Born the son of William Cavendish, 3rd Duke of Devonshire and Catherine Cavendish (née Hoskins), Cavendish was commissioned as an ensign in the 1st Regiment of Foot Guards on 29 April 1749. He entered politics as Member of Parliament for Derbyshire in 1751. He was promoted to lieutenant in the 2nd Regiment of Foot Guards and captain in the Army on 17 March 1752.

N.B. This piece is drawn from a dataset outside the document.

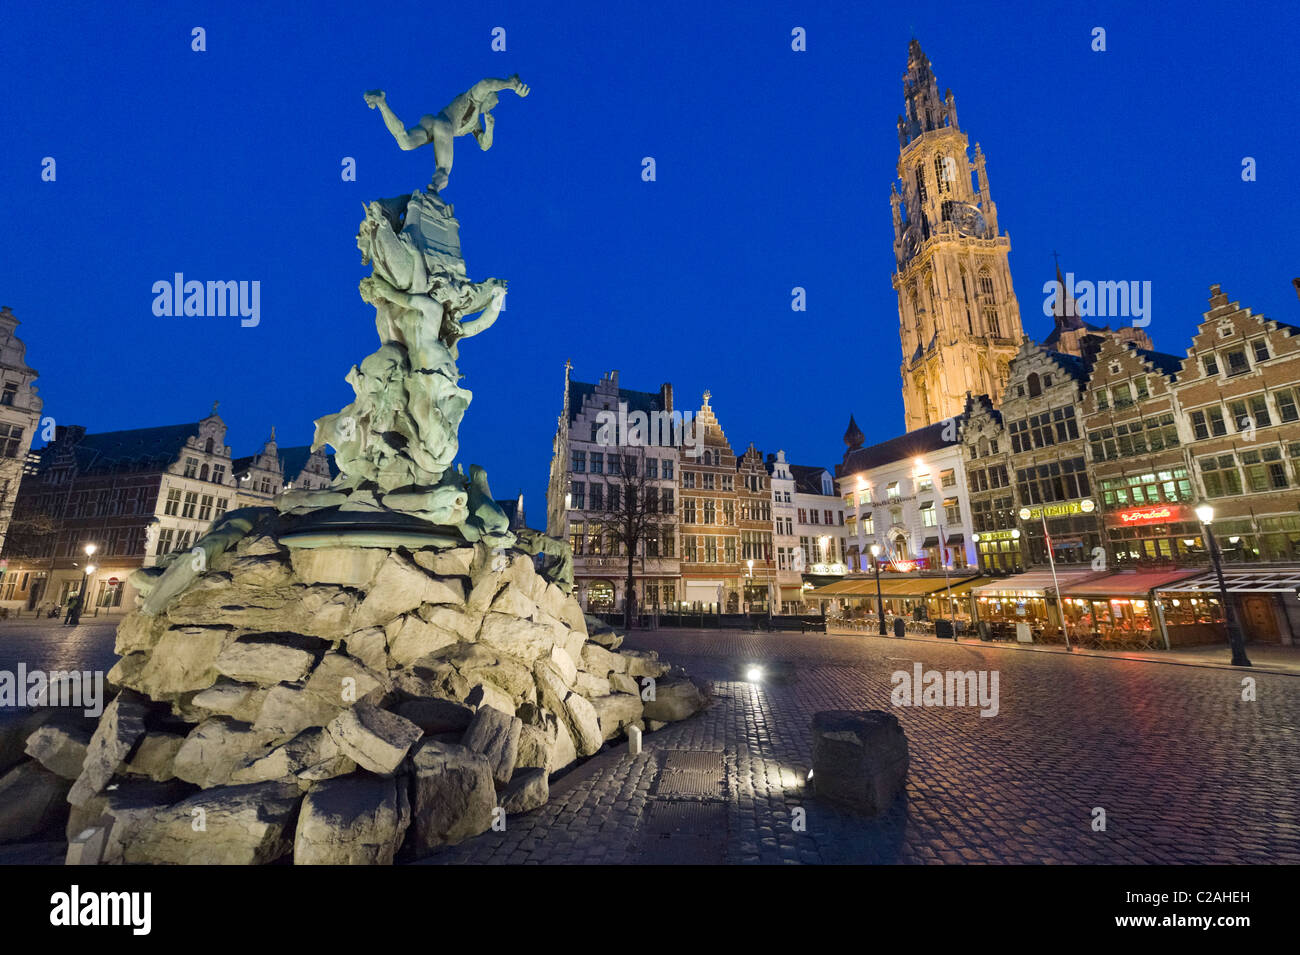 Brabo Fontana di Grote Mark (piazza principale) di notte con Onze Lieve Vrouwekathedraal (cattedrale) dietro, Anversa, Belgio Foto Stock

In 1754, Cavendish gave up the Derbyshire seat for his brother George and was returned to Parliament as Member for Derby instead. He was seconded to the 29th Regiment of Foot as lieutenant-colonel and went to Ireland with his brother William Cavendish, Marquess of Hartington, newly made Lord Lieutenant of Ireland, in 1755.

Cavendish was promoted to captain in the 1st Regiment of Foot Guards and lieutenant-colonel in the Army on 1 June 1756 and served as an aide-de-camp to the Duke of Cumberland in Germany in Summer 1757 during the early stages of the Seven Years' War. Promoted to colonel on 7 May 1758 and appointed an aide-de-camp to the King on 9 May 1758, he served under Charles Spencer, 3rd Duke of Marlborough during the raid on St Malo in June 1758 and then took part in the raid on Cherbourg in August 1758. He commanded the rear-guard during the re-embarkation following the disastrous battle of Saint Cast in September 1758 and, having been taken prisoner, gallantly offered to remain in captivity on the basis that he was a Member of Parliament. He was nevertheless released by the Duke of Aiguillon in an exchange for a French officer of equal rank in October 1758.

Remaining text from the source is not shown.